Note that for only one instance in time, that there are 6 unknown values (Ixx, Ixy, Ixz, Iyy, Iyz, Izz), but only 3 equations represented in the above system. In order to solve this system and improve the optimization process, I solved the above general equations at many instances in time to get “3 times the number of points” equations. I ended up using the data from 9 instances in time to receive a total of 27 equations. I was then able to reformat this system of equations into the familiar Ax=b form that fmincon() can recognize using the function equationsToMatrix().

With an initial guess of all moment of inertia matrix values being 1 along with a lower bound of all 0’s, my optimization script returned the following moment of inertia matrix in body coordinates:

         [1.57 0.09 0.10]
I_body = [0.09 5.43 0.05]
         [0.10 0.05 7.12]
				

I then converted this into the moment of inertia matrix of the alien artifact in the initial configuration in the assignment coordinate system using the following relation:

I_asn = (R_bdy_to_asn)*I_body*(R_bdy_to_asn');
				

Therefore, I calculated the moment of inertia matrix in the assignment coordinate system for the alien object in the initial configuration to be:

        [ 5.43 -0.09 -0.05]
I_asn = [-0.09  1.57  0.10]
        [-0.05  0.10  7.12]
				

Estimating the Future Trajectory:

In order to estimate the future trajectory of the artifact after the 10 second mark (all the data in the given text file), I essentially integrated the dynamic model forward in time from the state of the artifact at 10 seconds.

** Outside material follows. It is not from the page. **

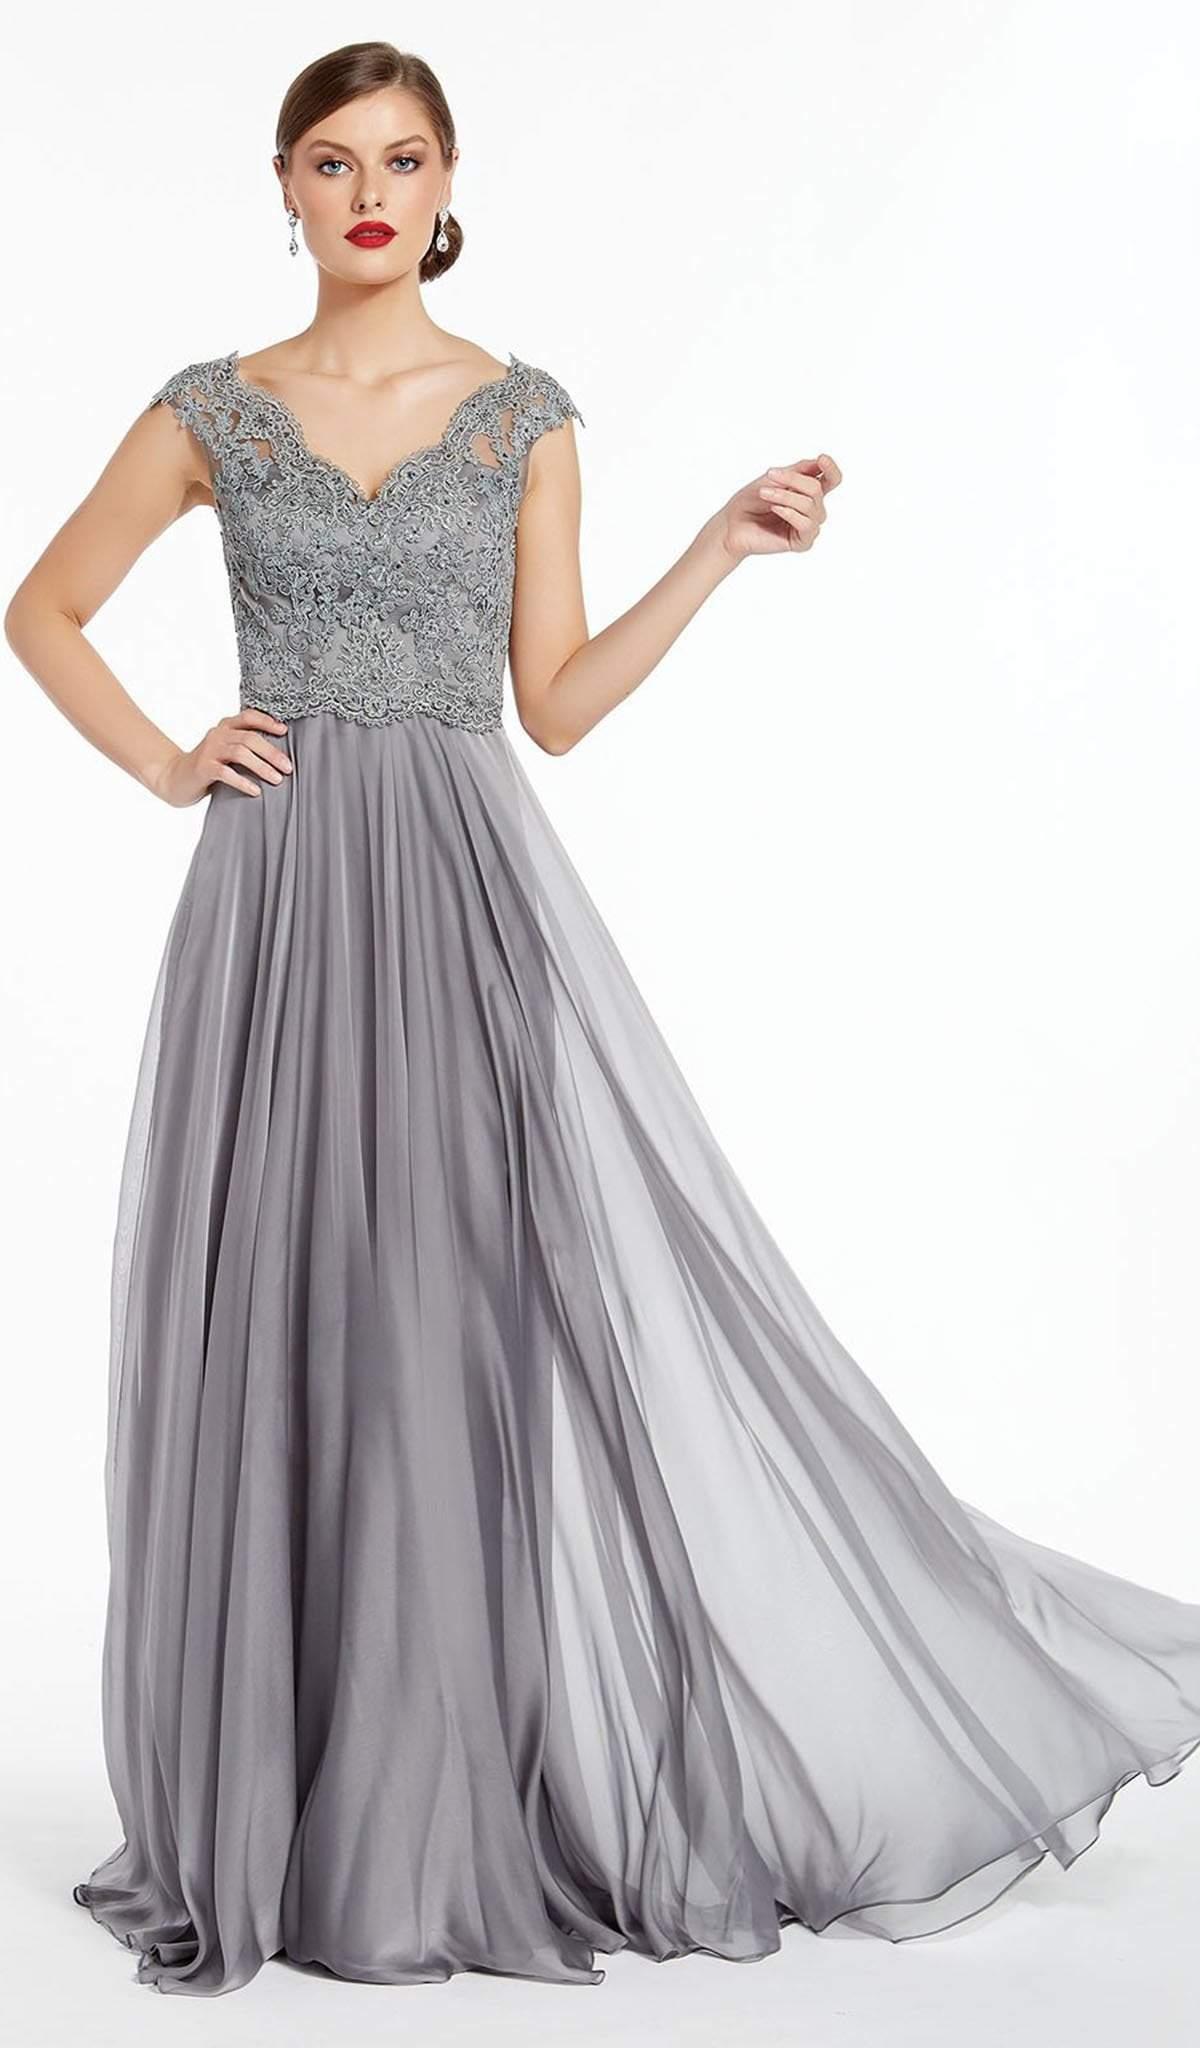 Alyce Paris - 27315 Cap Sleeve Scalloped V-Neck Chiffon Gown
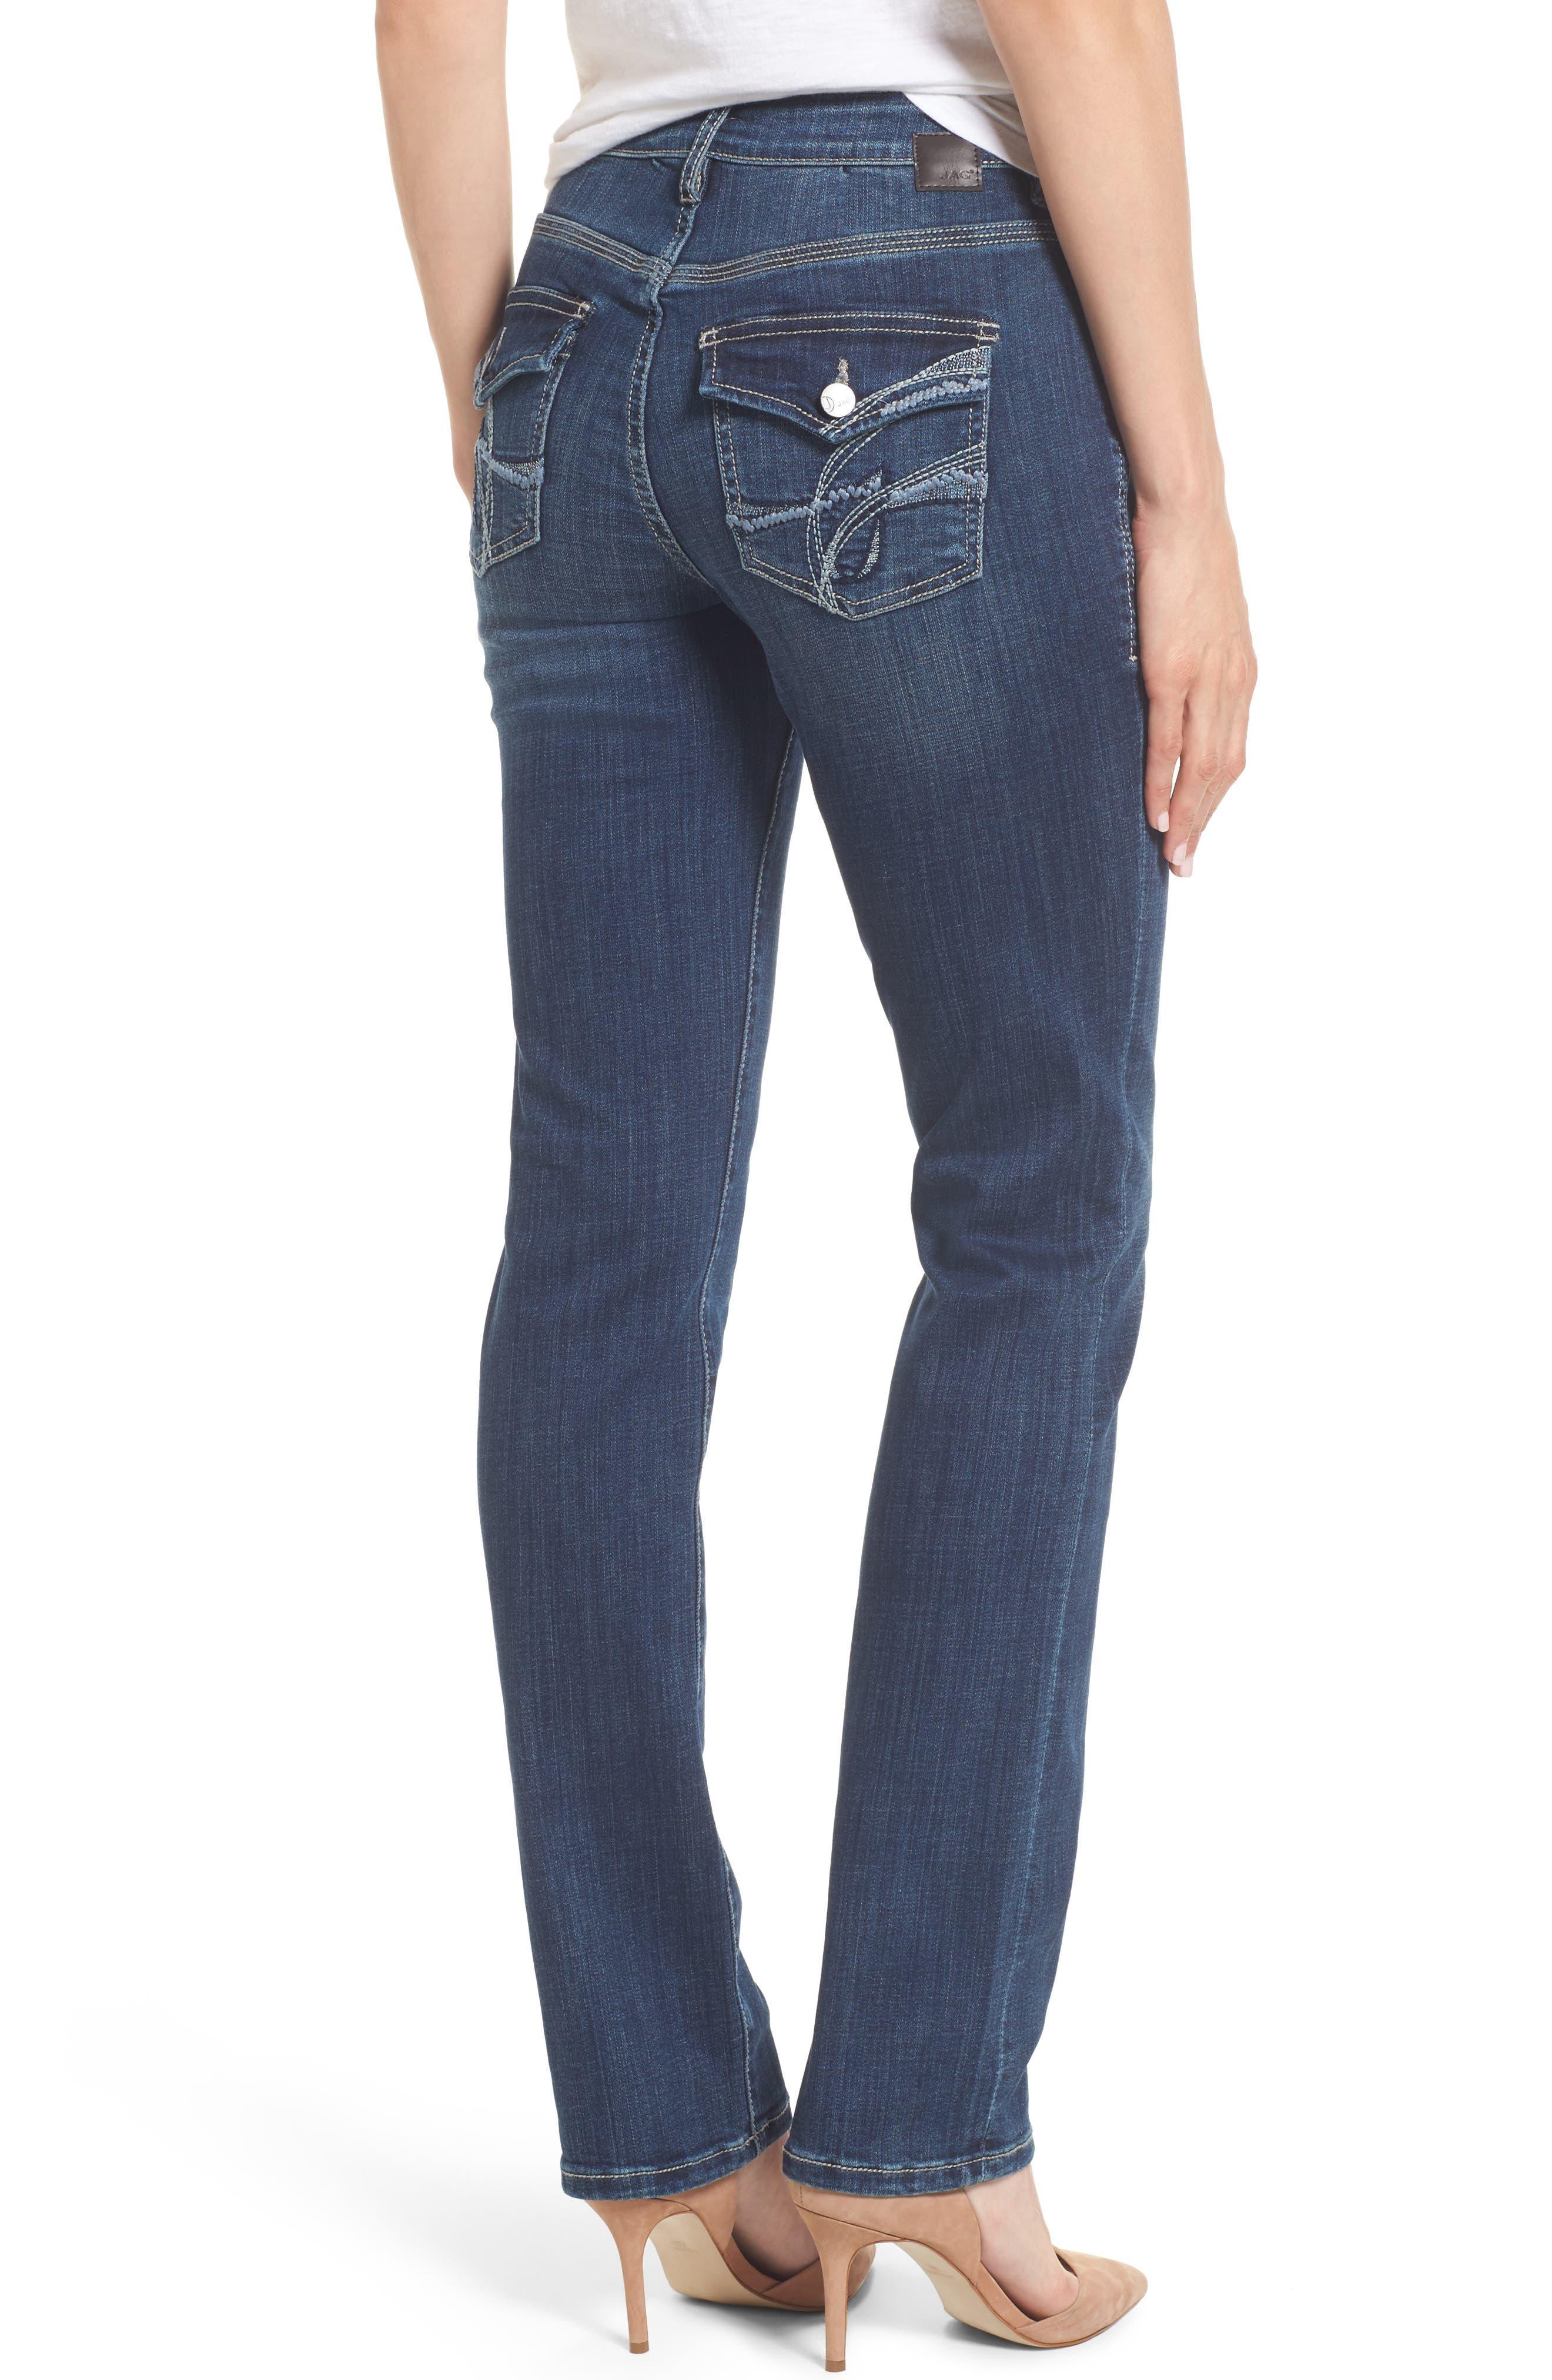 Adrian Straight Leg Jeans,                             Alternate thumbnail 2, color,                             Thorne Blue

In other words, using all necessary data at a state at time t-1 (location, orientation, angular velocity, angular acceleration, and moment of inertia matrix) we can estimate the state at time t. I started by transforming all of my state variables (originally in the assignment frame) into global coordinates. This was done by simply pre-multiplying all of my variables by the rotation matrix from the global to assignment frame. With my initial state variables in the global frame, here are the steps I took to estimate the pose (COM location and orientation) of the artifact from 10 to 20 seconds.

Step 1: Estimate angular velocity

w(i) = dw(i-1)*dt + w(i-1)

Step 2: Estimate Rotation Matrix

knowing: w(i) = dR_b_to_g(i)/dt * inv(R_b_to_g(i-1))
         w(i) = ((R_b_to_g(i)-R_b_to_g(i-1))/dt * inv(R_b_to_g(i-1))
solve for R_b_to_g(i):
         R_b_to_g(i) = (w(i)*R_b_to_g(i-1))*dt + R_b_to_g(i-1)

Step 3: Estimate Moment of Inertia Matrix

I_g(i) = (R_b_to_g(i)) * I_b * inv(R_b_to_g(i))

Step 4: Estimate Angular Acceleration

knowing: I*dw + w×(I*w) = 0
solve for dw:
         dw(i) = inv(-I_g(i)) * (w(i)×(I(i)*w(i)))

Step 5: Estimate Quaternion Rotation

q(i) = rotm2quat(R_b_to_g(i))

Controlling the Lander:

Getting the lander to “land” on the artifact’s surface mainly involved modifying the controller code (found in ps3/lander/controller.c) to take in our estimate of the future trajectory of the artifact. Because we must control the lander to land just above the surface of the tumbling artifact and not directly at its COM, I created a MATLAB script, ps3/useful/mrdplot/find_land_loc.m, that simply defines a vector offset from the COM to the artifact’s surface, in the body’s x-direction. Next, I use the rotation matrix from the body to global frame to rotate this offset vector into the global/world frame. Finally, I simply add this global offset to the COM location in global coordinates to determine a new location (land_loc) for the controller to pilot the lander to. The quaternion orientation of the lander can be controlled to exactly mimic that of the artifact without any modification.